Долгое время я не понимал зачем. Но как только я увидел Кармел, я все понял. Я разгадал твой замысел, Господи, разгадал, разгадал. Благодарю тебя, Боже. Я пребывал в таком смятении и томлении духа. Прости мне мои сомнения. Меня одолевала мысль: мне предуказан божественный путь, но как мне сделать первый шаг, Господи, ведь ты не снабдил меня картой? Как же я заблуждался. Я был подобен Фоме неверующему. Признаю это сейчас. Но едва я увидел ее, я понял – вот она, моя карта, я нашел свою карту, свой компас, свой путь. И возможно, со временем она излечит меня от моей боли? Может быть, это эгоистично с моей стороны? Несправедливо? Нет, я уверен, что нет.
Это потребовало времени. Это потребовало тщательного планирования. Моя встреча с ней в этом городе, именуемом Бостон, явилась знаком, я не сомневаюсь. Ведь я даже не подозревал о существовании еще одного Бостона – кроме того, в котором я родился, и что второй Бостон находится на этом благословенном острове, хвала Господу. Но я не смог забрать ее тогда, сразу. Спокойно, спокойно, говорил я себе после первой встречи – может, тебе придется ждать месяц, может, год. Может, всю жизнь. Она воистину мое дитя, и она принадлежит мне по праву. Я направил свое внимание на ту идиотку, которая была с ней, все запястья у нее были в браслетах, похожих на косички, они, без сомнений, выдавали жалкую безбожную попытку наладить собственную жизнь. «Пол и Бет, – говорила она, – Пол и Бет, конечно, не отнеслись бы к этому всерьез». Чуть погодя я догадался, что речь идет о родителях девочки. Эта идиотка разболтала все, что мне требовалось, я узнал про расставание родителей и все прочее, так что она, сама того не зная, явилась орудием в твоих руках, о Господи. Я изменил облик до неузнаваемости, у меня уже тогда созрел план, идея зародилась мгновенно, как происходит зачатие ребенка… Мой голос стал звучать глуше, чтобы не выделяться, лицо я прикрывал рукой, когда говорил. Малышка Кармел сидела возле алтаря, среди цветов, и когда она подошла ближе, у меня перехватило дыхание, я отступил в тень и затаился там – в темном углу, как паук, и оттуда созерцал чудо ее явления.

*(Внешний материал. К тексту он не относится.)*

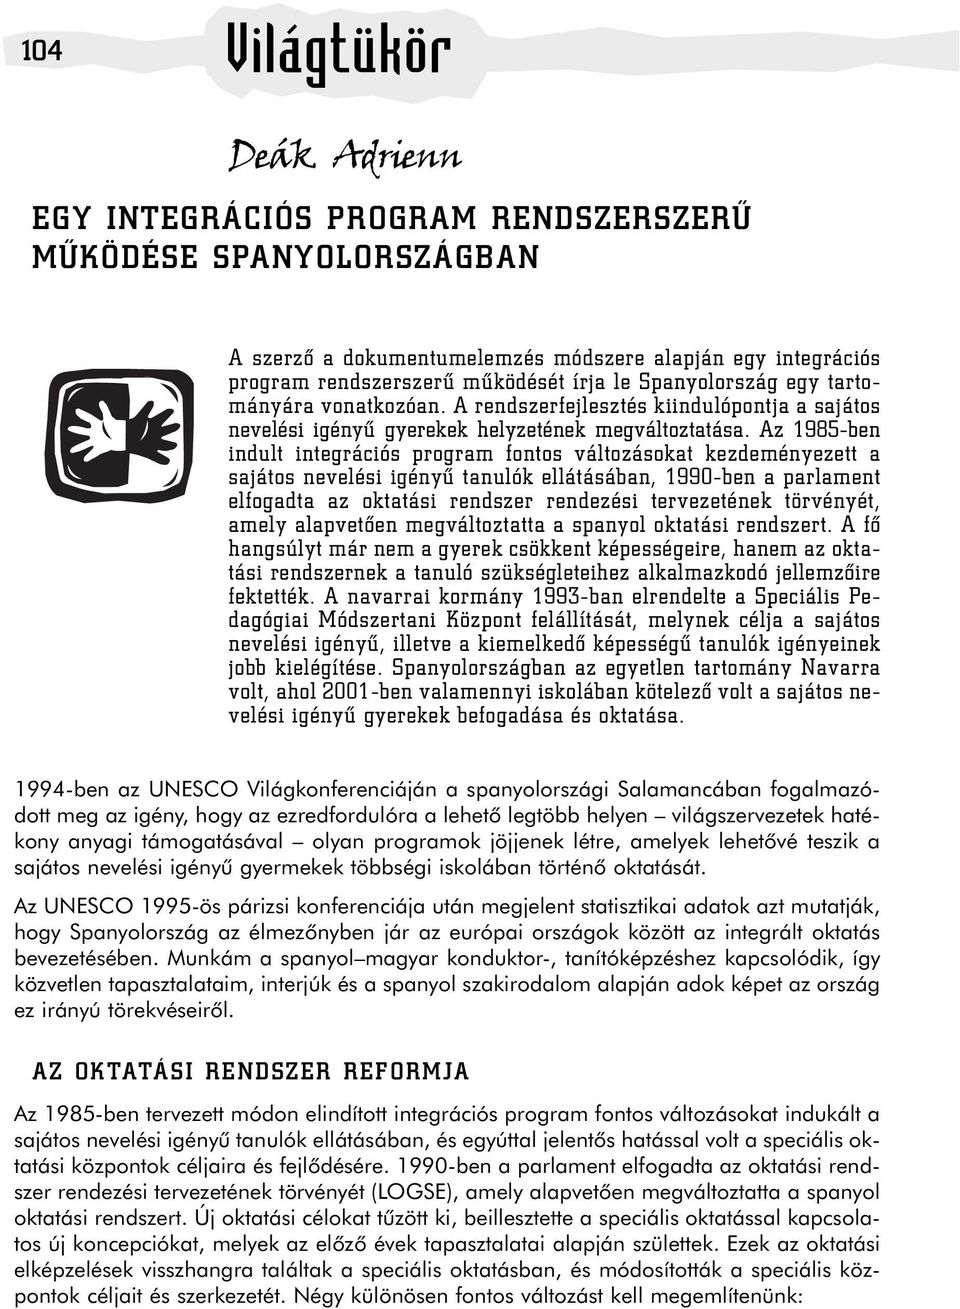 Az 1985-ben indult integrációs program fontos változásokat kezdeményezett a sajátos nevelési igényû tanulók ellátásában, 1990-ben a parlament elfogadta az oktatási rendszer rendezési tervezetének

Последовало мучительное время, и вот, наконец, я оказался возле их дома. Я могу ждать много дней, мое терпение бесконечно. Я был как одержимый. Увидев, как они вышли из дома и поспешили на поезд, я последовал за ними, только я да Святой Дух. Этот безбожный фестиваль историй! Какие могут быть истории, когда есть только одна история – история крестного страдания.
Никому дела не было до моих брошюр – а я наполнил их Твоим словом, Боже. Я видел, как люди бросают их в грязь, топчут ногами. Я преисполнился гневом, глядя, как грязные ботинки втаптывают Твое слово в землю. Я чувствовал, что с каждым таким шагом раны Христа кровоточат сильнее.
Мёрси больше не существует для меня. Она не была истиной, она была послана как… как предтеча. Ей суждено навеки остаться на этом холодном острове. Она была как Иоанн Креститель перед явлением Христа, и ей уготована судьба Иоанна Крестителя. Она потеряна для меня. Потеряна.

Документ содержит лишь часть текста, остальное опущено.